A chèrement payé sa lourde contribution à la Libération Nationale.
Le sacrifice de ses 62 fils fusillés, tués au combat ou morts en déportation, atteste avec forces les exceptionnels services que cette héroïque commune a rendu à la Patrie »
L’acte barbare qui s’est déroulé en ces lieux le 5 juin 1944 a fait suite à l’action menée par les maquisards FTP, peu après 08h15 du matin, sur le chemin menant au terrain d’exercice au tir derrière la gare. Au moment où arrivait une compagnie allemande, une mine commandée à distance tuait 12 soldats dont certains Alsaciens engagés de force dans la Wehrmacht et fit également 20 blessés.
En cette fin de printemps 1944, la ville d’Ugine est depuis longtemps occupée par un détachement ennemi, logé dans l’école maternelle de la Nouvelle avenue, rebaptisée avenue André PRINGOLLIET par la suite. Ce détachement dépend du 1 er Bataillon de la 19 ème SS – Polizei – Régiment assigné dans la région d’Annecy.
Les représailles ne se sont pas fait attendre : le capitaine Helmut SCHULTZ, chef du 19 ème bataillon d’Annecy ordonnait au lieutenant Otto RASSI l’arrestation immédiate de civils, pris au hasard, et donna l’ordre aux adjudants chef SZABADOS et OFMAYER, de les abattre sur le champ. Le capitaine SCHULTZ refusait aux familles le droit d’assister aux funérailles. C’est lui encore qui, pour l’exemple, ordonna que les corps devraient rester exposés jusqu’au soir sur le lieu même des exécutions.
Les deux plus jeunes avaient 17 ans, Rino REGAZZONI de Marlens ainsi qu’Albert CONVERS originaire d’Annecy, le plus âgé avait 68 ans, Victor DEVAL d’Ugine.
Le bilan fût très lourd : 19 fusillés derrière la gare et 9 ici même au carrefour.
Ils étaient Français, Polonais, Algériens, Italiens ou Russes, ils ont été pris au hasard, les nazis sans discernement arrêtaient des voyageurs descendant d’un car au carrefour, venant rendre visite à leurs proches. Venant de Haute-Savoie, des bûcherons qui passaient dans leur camion gazogène pour se rendre à leur travail dans les bois, entre Ugine et Marthod furent également stoppés.

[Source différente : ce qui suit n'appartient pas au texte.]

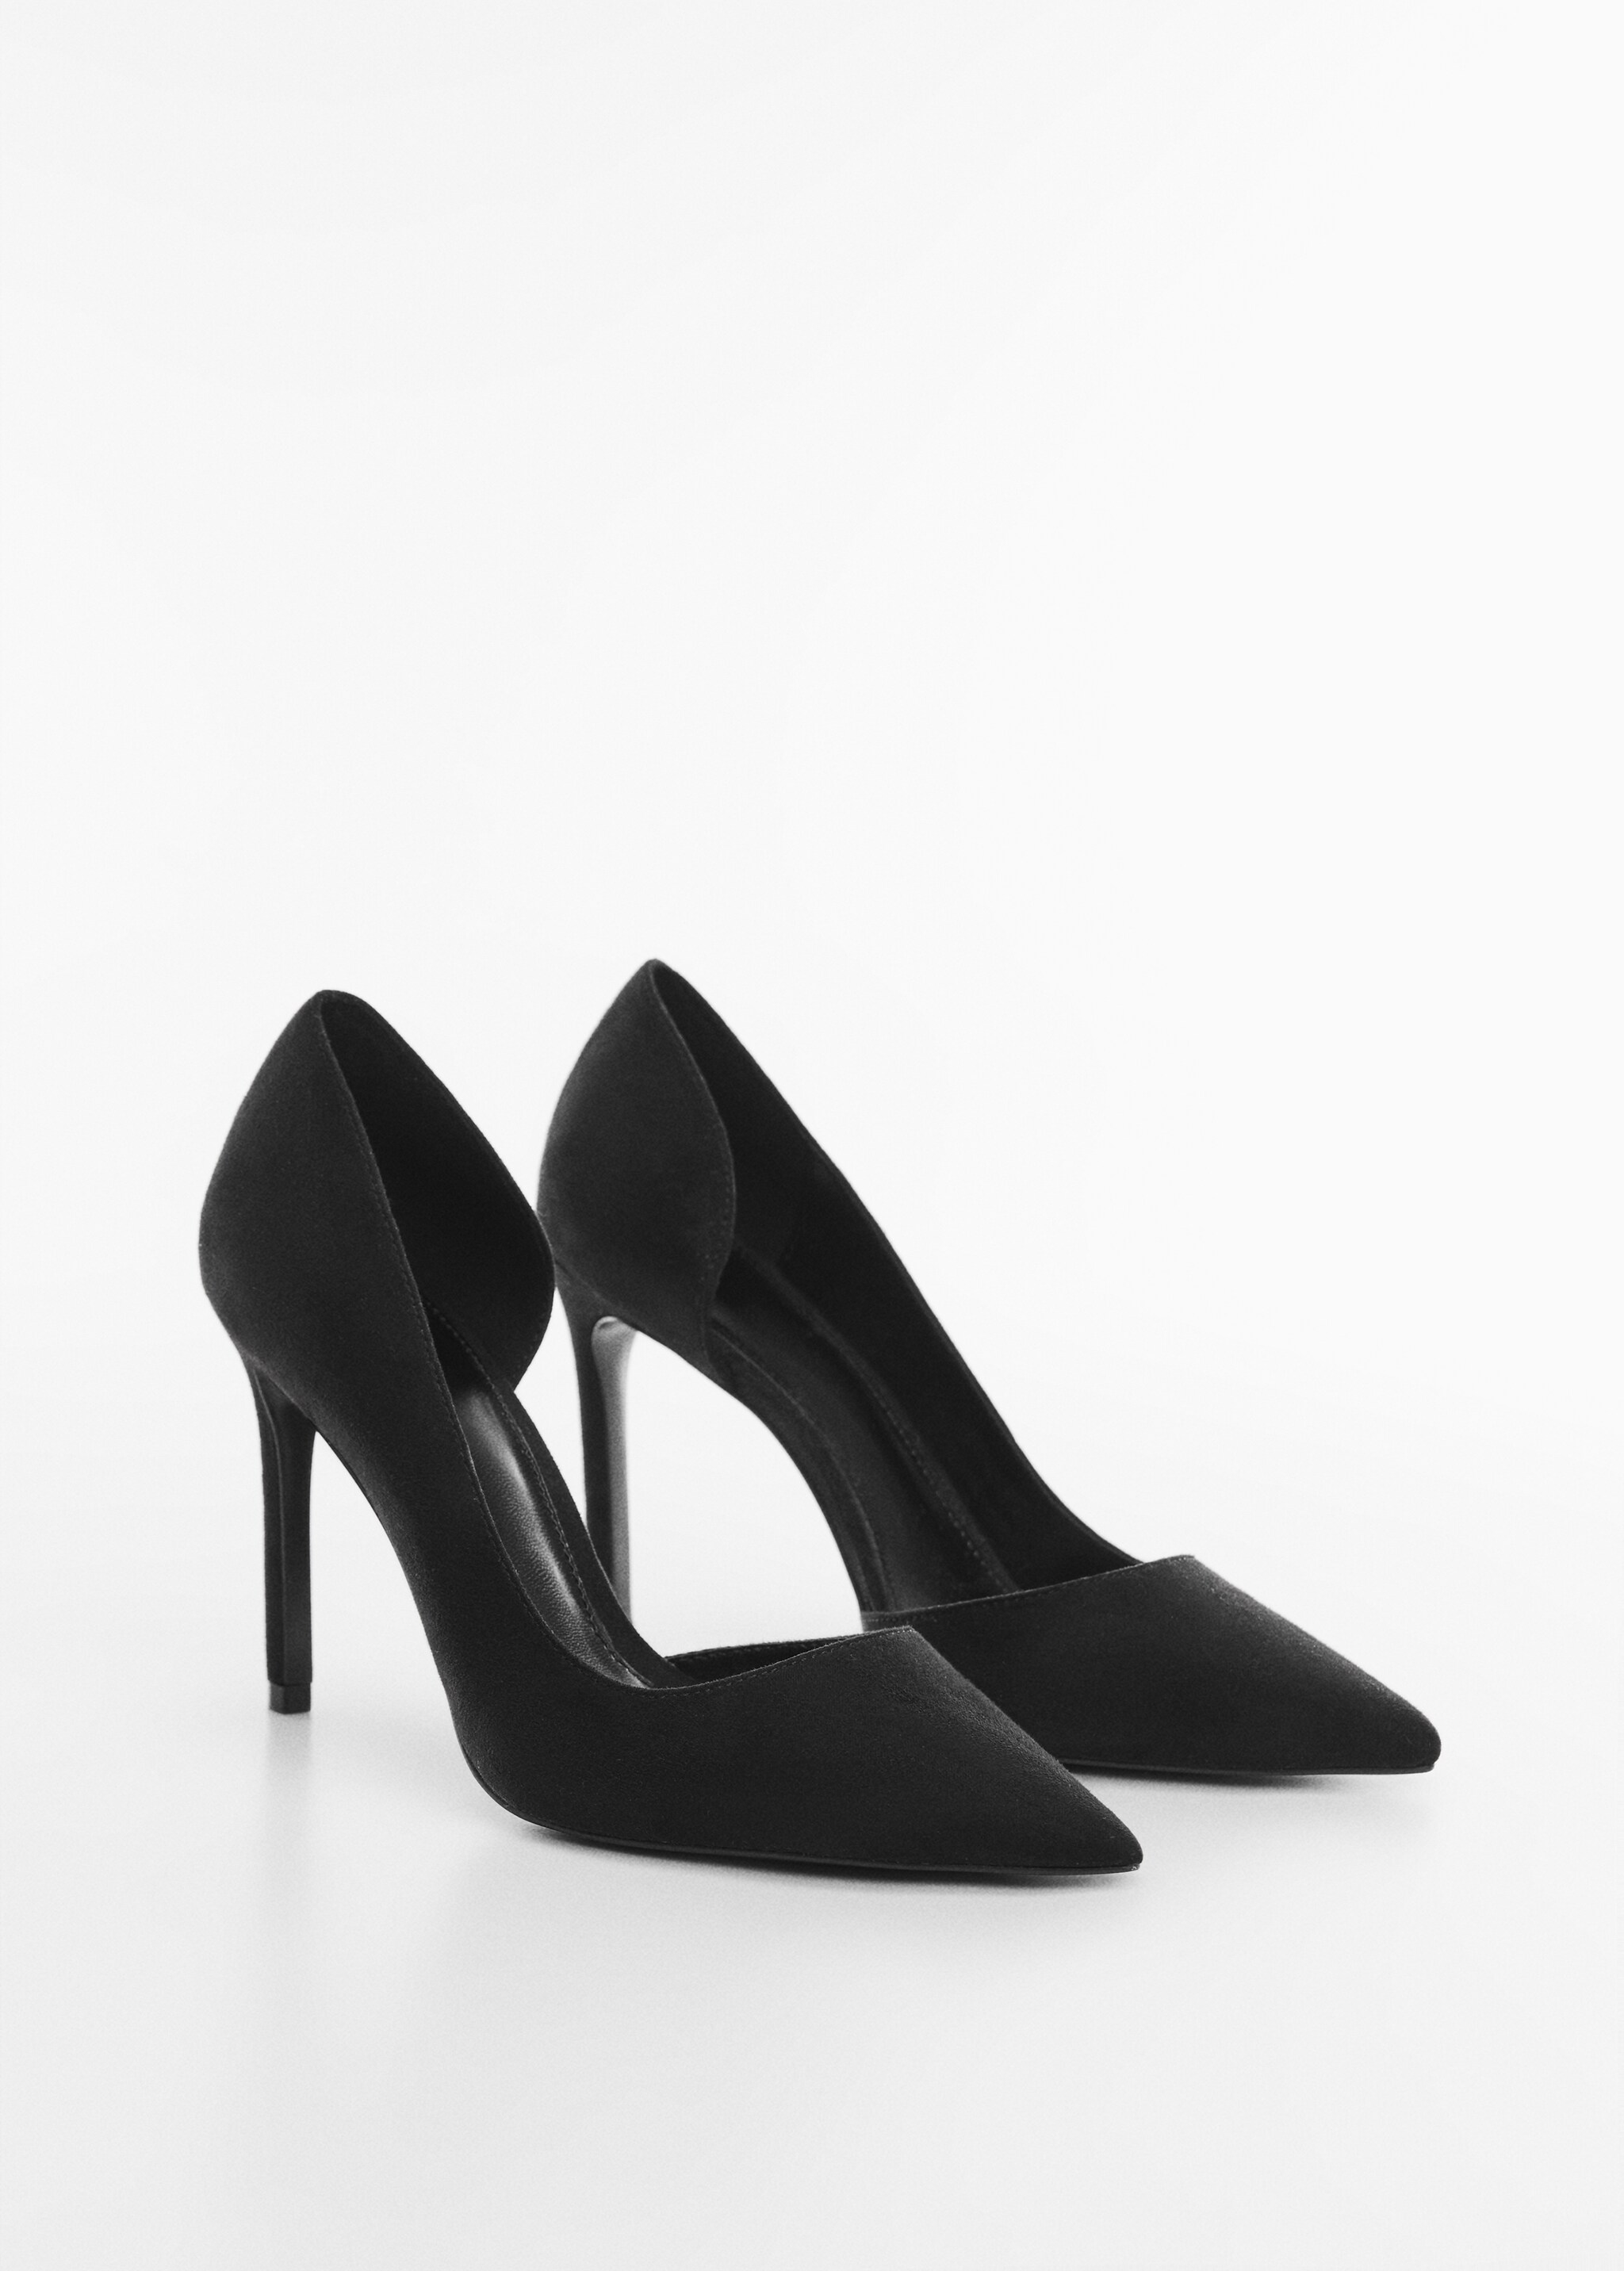 Asymmetrical heeled shoes - Medium plane

Tragique destinée qui s’est abattue sur un des occupants de ce camion de bûcherons en la personne de François BARONI de Serraval. François BARONI était en fait un agent de l’Armée secrète avec le grade de sergent basé à la caserne Vitriolerie de Lyon et qui avait été détaché au maquis de Faverges. Il avait reçu comme mission de transmettre un message sur les mouvements des Allemands à un groupe de maquisards sur la commune de Marthod. Il avait profité de cette couverture et était monté dans ce camion de bûcherons. Il n’arriva jamais à destination pour la raison que l’on connaît. Membre des F.F.I, Forces Françaises de l’Intérieur, il lui a été décerné, à titre posthume, la Médaille militaire, la Croix de guerre avec palme et la Médaille de laRésistance. Le décret d’attribution, en date du 14 janvier 1961, a été signé par le général de GAULLE.

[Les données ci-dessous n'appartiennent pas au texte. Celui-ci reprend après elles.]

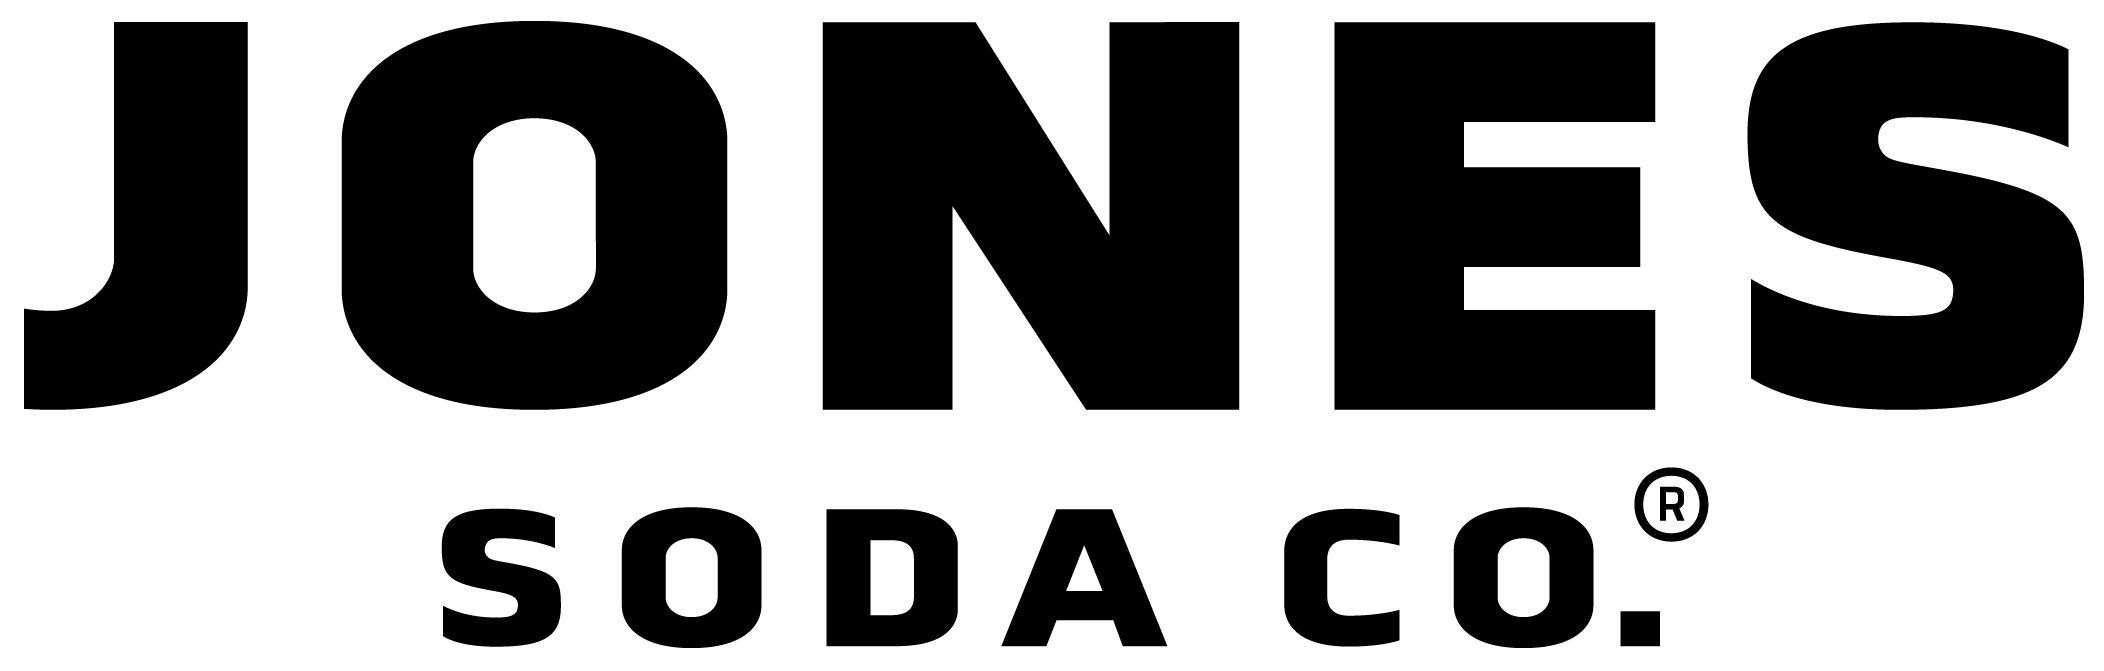 Jones Soda Logo - Jones Soda Co. Launches Natural Jones Soda in California | Business Wire

Ces 28 innocents ignoraient tout de ce qui s’était passé avant de tomber dans les griffes de ces barbares, là où il ne fallait pas être ce lundi matin 5 juin 1944, à cet endroit précis.

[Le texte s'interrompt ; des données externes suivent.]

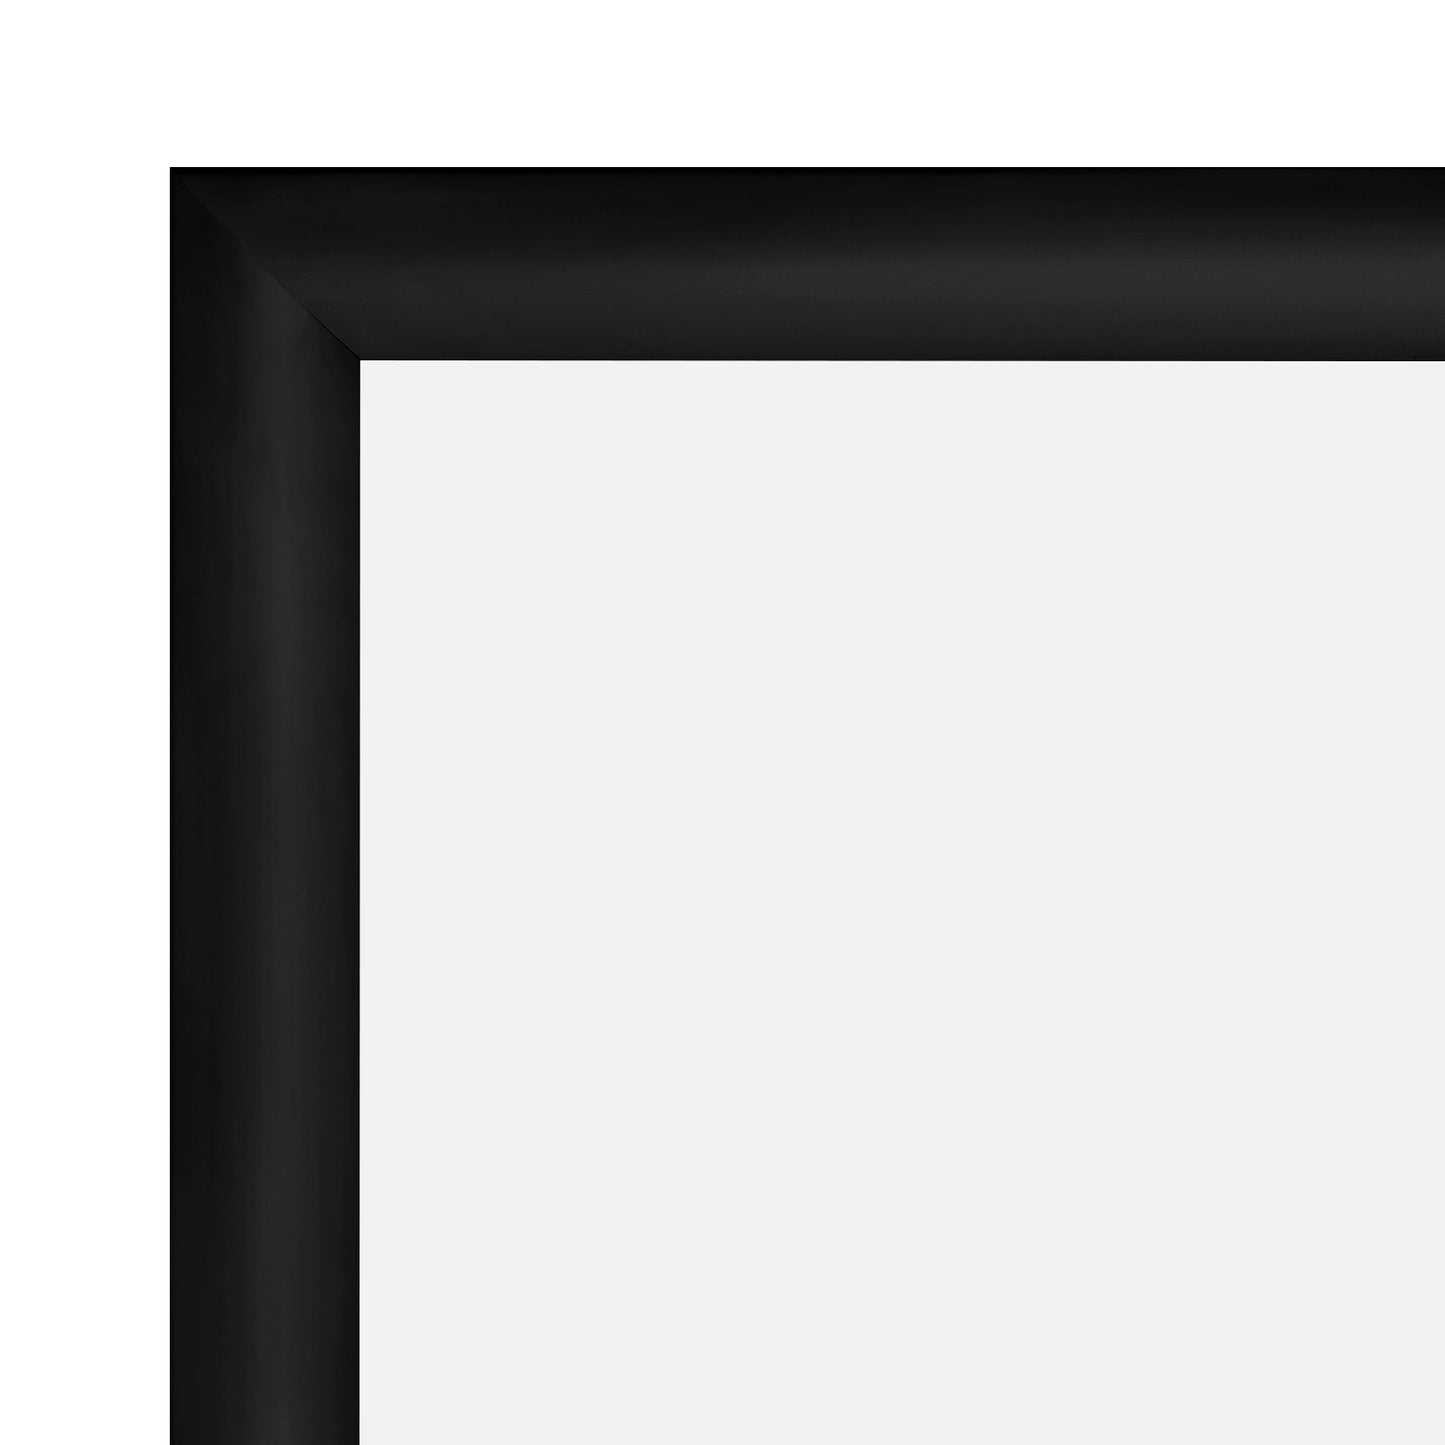 13x24 Black SnapeZo® Snap Frame - 1.2" Profile - Snap Frames Direct

Le dynamitage du quartier des Corrues s’en est suivi le 06 juin, jetant les 120 familles occupantes à la rue. Les 3 grands bâtiments de l’usine sont entièrement détruits, c’était pour les Allemands un nid de terroristes, les maisons MOLLIER et TROCCAZ proches de l’école Pringolliet qui était le quartier général des allemands furent incendiées, les maisons BRUNERO et DAVIET furent fortement endommagées.
Ce 79 ème anniversaire nous donne l’occasion de transmettre la mémoire de ces exactions aux jeunes générations. Nous pensons particulièrement à tous les descendants de ces martyrs, présents ou empêchés aujourd’hui.